Le Grand Entretien : Loïc Valceschini (NIFFF)

Le 21 juin 2023

NIFFF 2023 – 30 juin au 8 juillet

 

Les monstres, les vampires, les fantômes et autres créatures nées des entrailles de nos cerveaux ou de nos tripes envahissent à nouveau Neuchâtel. Cette année, l’hôte d’honneur étant nul autre que le formidable mais trop peu connu cinéaste japonais Katsuhito Ishii (Taste of Tea), nous nous sommes dit que cela serait une excellente occasion de nous entretenir avec Loïc Valceschini, responsable des programmations asiatiques du Neuchâtel International Fantastic Film Festival. Davantage qu’un aller-retour de questions et de réponses, nous avons laissé Loïc nous parler de la programmation de cette édition.


L’Asie au NIFFF


La présence de l’Asie au NIFFF remonte déjà à la toute naissance du festival. Les cinémas asiatiques ont toujours été importants pour le festival, premièrement car c’est un cinéma que le spectateur occidental et a fortiori helvétique ne voit que peu ou prou hors des pays où il est produit. Et secondement, car les films asiatiques qui nous parviennent sont majoritairement issus des grosses pointures telles que les Festivals de Cannes, de Locarno, la Berlinale, etc. et donc, qui se rapprochent davantage d’un cinéma d’auteur qui plaît surtout à nos palais cinéphiles, mais ne reflètent pas nécessairement le goût populaire. Or le cinéma asiatique s’est constitué dès ces débuts autour du cinéma de genre. D’où la compétition du cinéma asiatique dans le festival qui donne une voix aux auteurs émergents de ces pays.

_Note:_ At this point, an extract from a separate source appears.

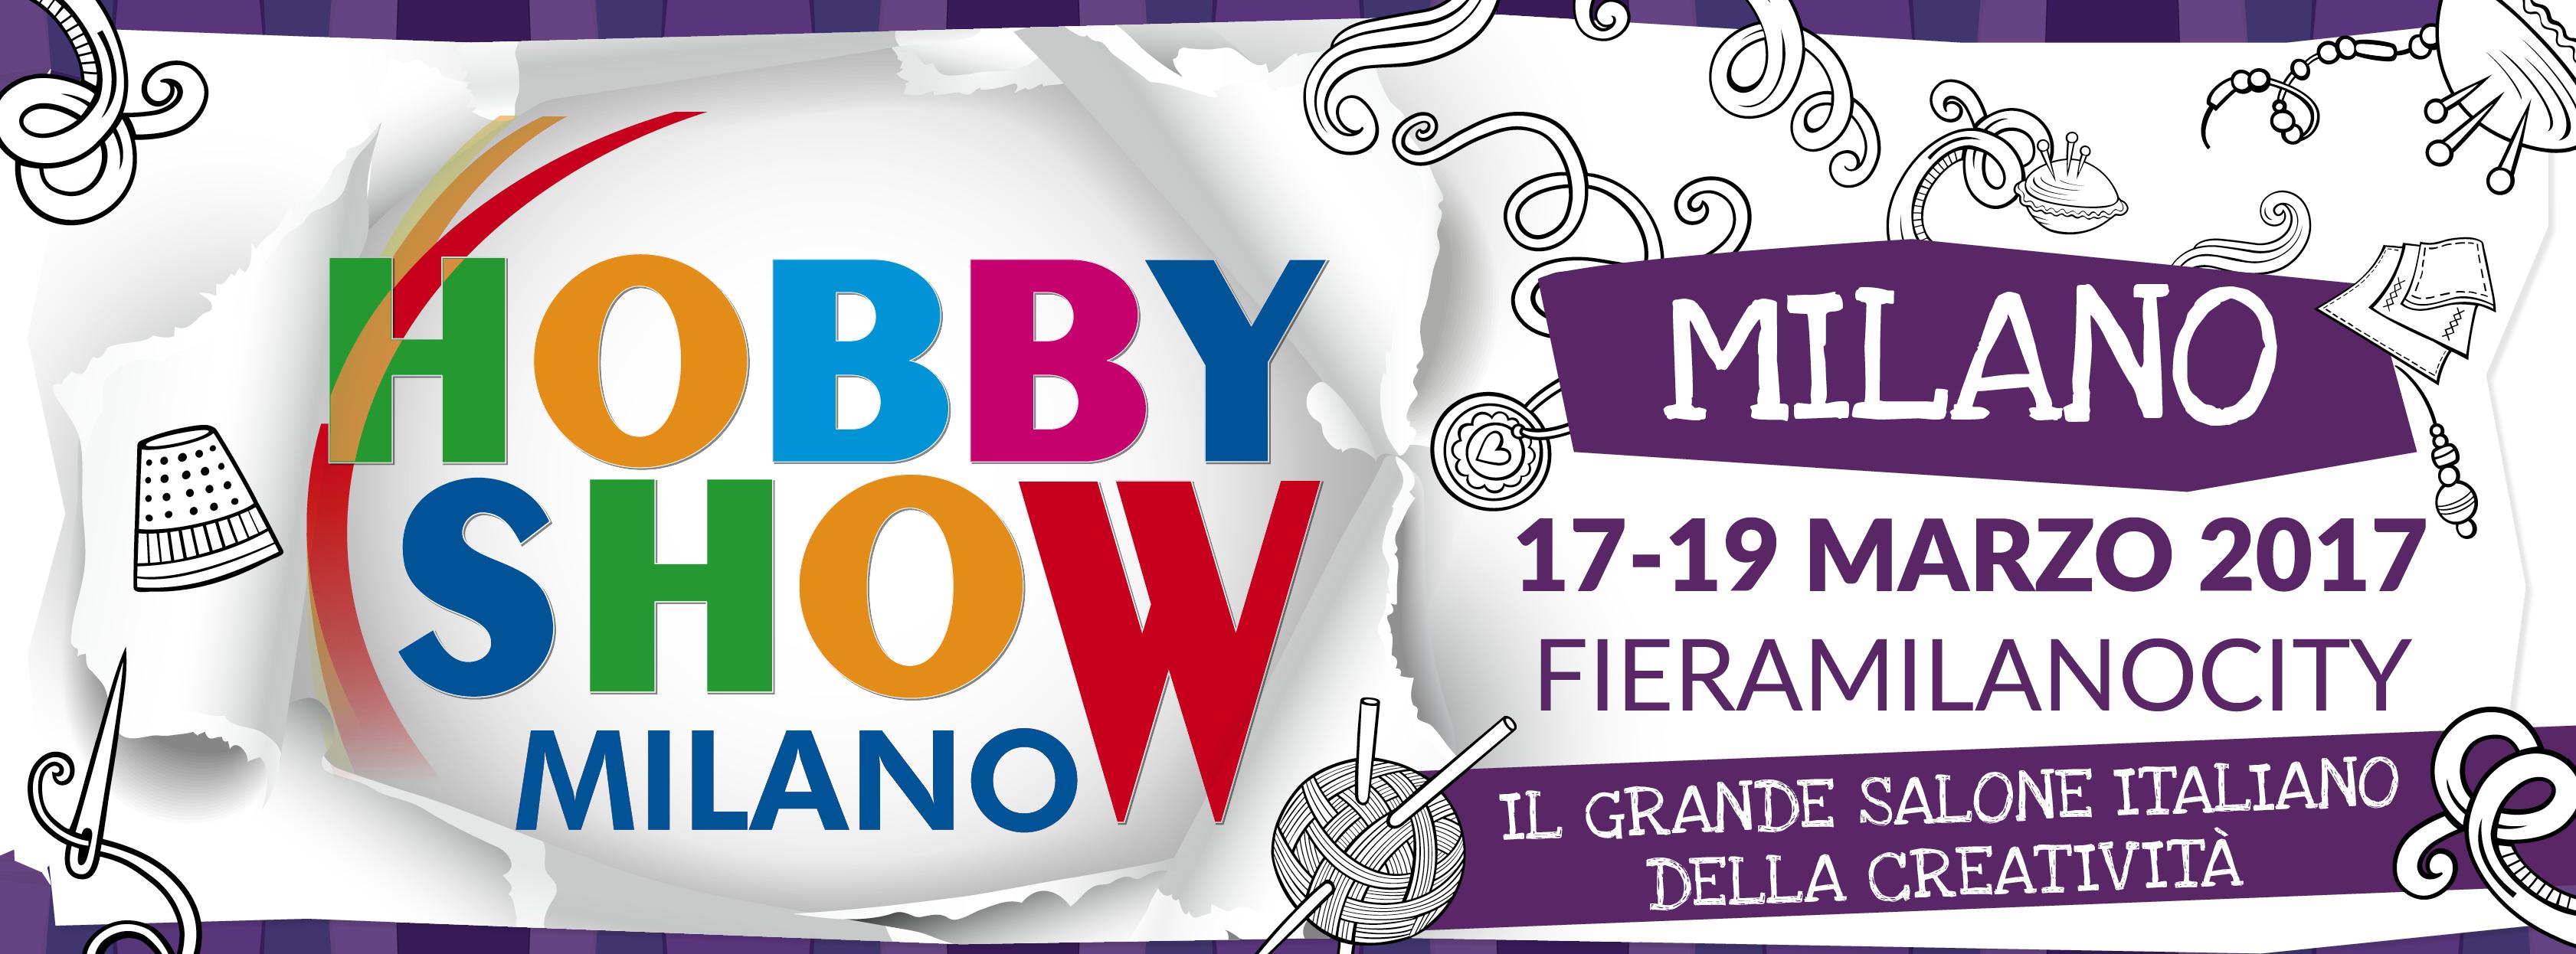 Hobby Show Milano Intro

La compétition du cinéma asiatique


Comme chaque année, nous proposons 8 films en compétition asiatique. Il y a quelques perles dont j’aurais aimé parler.

À commencer par la comédie horrifique Bhediya d’Amar Kaushik, qui nous vient de Bollywood ! Non seulement le film est très drôle et léger, mais il y est aussi question de loups-garous, et ils sont plutôt rares dans les productions bollywoodiennes. Mais ce n’est pas tout. L’histoire se déroule non loin d’une frontière commune avec la Chine, et est résolument anticapitaliste. Du cinéma populaire mais qui n’a pas peur d’être engagé.

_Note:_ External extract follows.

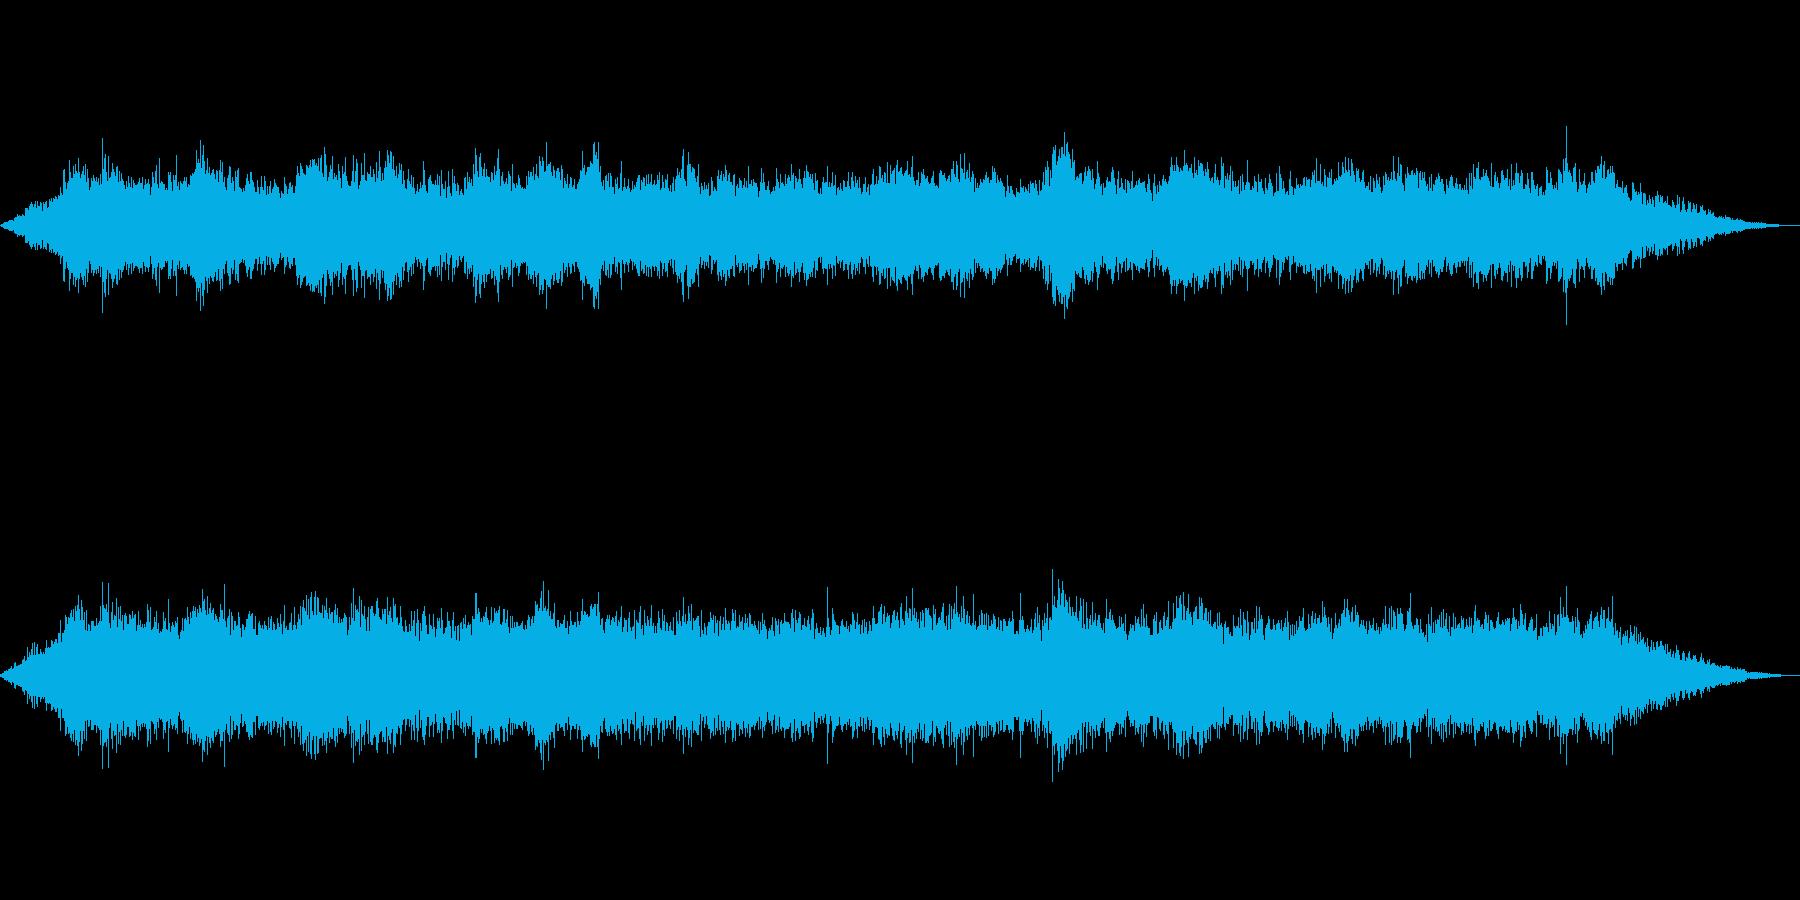 海 波 浜辺 海岸 カモメ等の環境音07の再生済みの波形

Il y a aussi Mad Fate de Soi Cheang, présenté en première à la Berlinale 2021. Drame urbain noir, avec une grosse portée allégorique qui questionne les rapports à la superstition et les croyances populaires qui préfèrent le statu quo au changement. Autrement dit, une critique à peine voilée du pouvoir en place.


Nous aurons également la chance d’avoir la première internationale de From The End of The World du cinéaste japonais Kiriya Kazuaki, l’auteur du visionnaire Casshern en 2004. Tout indépendant qu’il soit, ce film n’en a pas moins une portée grand public et ressemble à des titres comme Cloud Atlas ou The Fountain. Mais surtout, c’est son discours optimiste pour les jeunes gens d’aujourd’hui qui nous a marqués.


Katsuhito Ishii


C’est un honneur pour nous de pouvoir montrer 6 longs et un moyen métrage d’Ishii, qui sera présent sur le festival. Ses quatre premiers films ont été restaurés, et nous pouvons nous targuer de les projeter en première mondiale.


Il participera d’ailleurs à un cycle de conférences autour de la présence de l’animation dans son cinéma, pas forcément parce qu’il a réalisé des films d’animation, mais parce que son cinéma est empreint d’animation : dans le découpage, les gags, les visuels, etc.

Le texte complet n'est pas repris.